Exercise description: Retype, word for word, each line between the lines holding "People mature with" and "Cutting Line Flare Skirt[LMBDSW233]-Charcoal", inclusive, and leave the rest of the data alone.

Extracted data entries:
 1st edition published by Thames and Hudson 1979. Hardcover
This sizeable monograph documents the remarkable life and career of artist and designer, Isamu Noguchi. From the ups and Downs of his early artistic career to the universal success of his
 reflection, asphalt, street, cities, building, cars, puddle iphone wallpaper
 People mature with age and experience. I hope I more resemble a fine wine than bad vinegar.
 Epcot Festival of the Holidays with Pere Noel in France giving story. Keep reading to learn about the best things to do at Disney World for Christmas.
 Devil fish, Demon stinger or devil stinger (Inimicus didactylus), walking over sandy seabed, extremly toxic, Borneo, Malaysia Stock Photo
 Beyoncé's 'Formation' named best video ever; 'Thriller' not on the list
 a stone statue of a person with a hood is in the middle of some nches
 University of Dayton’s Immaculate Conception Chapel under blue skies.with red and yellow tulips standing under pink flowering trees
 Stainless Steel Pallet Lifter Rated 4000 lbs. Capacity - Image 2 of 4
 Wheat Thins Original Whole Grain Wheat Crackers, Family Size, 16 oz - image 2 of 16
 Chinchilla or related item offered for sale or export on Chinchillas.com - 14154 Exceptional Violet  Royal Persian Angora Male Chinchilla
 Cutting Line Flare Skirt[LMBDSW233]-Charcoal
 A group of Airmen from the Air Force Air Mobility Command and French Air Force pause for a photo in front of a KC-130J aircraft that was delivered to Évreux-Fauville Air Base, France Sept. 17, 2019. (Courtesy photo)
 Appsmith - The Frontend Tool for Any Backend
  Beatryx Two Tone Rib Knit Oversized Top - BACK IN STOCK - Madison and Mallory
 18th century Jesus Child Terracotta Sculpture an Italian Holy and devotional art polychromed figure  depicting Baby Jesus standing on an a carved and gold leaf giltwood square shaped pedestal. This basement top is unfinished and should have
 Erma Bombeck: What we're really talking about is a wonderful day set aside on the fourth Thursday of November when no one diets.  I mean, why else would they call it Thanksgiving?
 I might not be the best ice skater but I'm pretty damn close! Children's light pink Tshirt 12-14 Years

The answer:
 People mature with age and experience. I hope I more resemble a fine wine than bad vinegar.
 Epcot Festival of the Holidays with Pere Noel in France giving story. Keep reading to learn about the best things to do at Disney World for Christmas.
 Devil fish, Demon stinger or devil stinger (Inimicus didactylus), walking over sandy seabed, extremly toxic, Borneo, Malaysia Stock Photo
 Beyoncé's 'Formation' named best video ever; 'Thriller' not on the list
 a stone statue of a person with a hood is in the middle of some nches
 University of Dayton’s Immaculate Conception Chapel under blue skies.with red and yellow tulips standing under pink flowering trees
 Stainless Steel Pallet Lifter Rated 4000 lbs. Capacity - Image 2 of 4
 Wheat Thins Original Whole Grain Wheat Crackers, Family Size, 16 oz - image 2 of 16
 Chinchilla or related item offered for sale or export on Chinchillas.com - 14154 Exceptional Violet  Royal Persian Angora Male Chinchilla
 Cutting Line Flare Skirt[LMBDSW233]-Charcoal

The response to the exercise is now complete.